Grouping games with combinatorial optimization
what is this
You are the secretary of the wedding party. Nine participants will play the game in three groups of three each. This game is played 4 times. Consider grouping ** any two people ** so that they can only be in the same group once **.

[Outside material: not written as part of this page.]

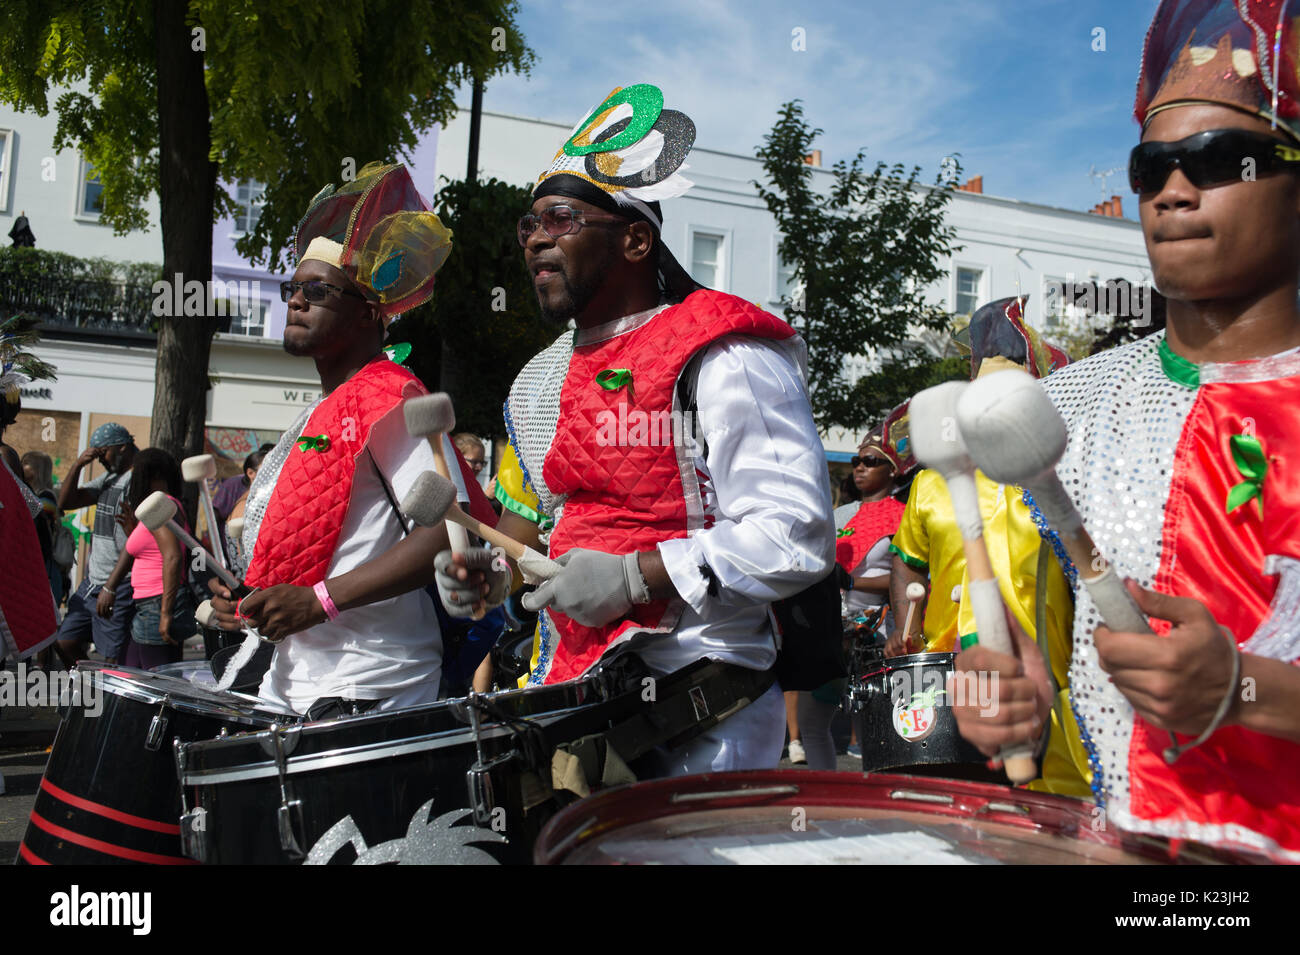 London, Großbritannien. 28 Aug, 2017. Der Notting Hill Carnival 2017 Parade durch die Straßen. Der Karneval lockte große Menschenmengen, die farbenfrohen Kostüme zu sehen und die Musik zu hören, wie sie durch die Straßen von Notting Hill, London vorgeführt. Andrew Steven Graham/Alamy leben Nachrichten Stockfoto

- Social golfer of LocalSolver Example Collection Is a hint.
Formulation & Python
Let's solve it using Combinatorial optimization. As usual, [using PuLP and pandas](http://qiita.com/SaitoTsutomu/items/070ca9cb37c6b2b492f0#pulp%E3%81%A8pandas%E3%81%AE%E7%B5%84%E5%90%88 % E3% 81% 9B% E3% 81% AB% E3% 81% A4% E3% 81% 84% E3% 81% A6). The ** 0-1 variable Var ** indicates who, when, and which group holds.
python3
import pandas as pd
from pulp import *
from ortoolpy import addvars, addbinvars
from itertools import permutations
uss = [chr(65+i) for i in range(9)] # Users
a = pd.DataFrame([(us,wk,gr) for us in uss for wk in range(4)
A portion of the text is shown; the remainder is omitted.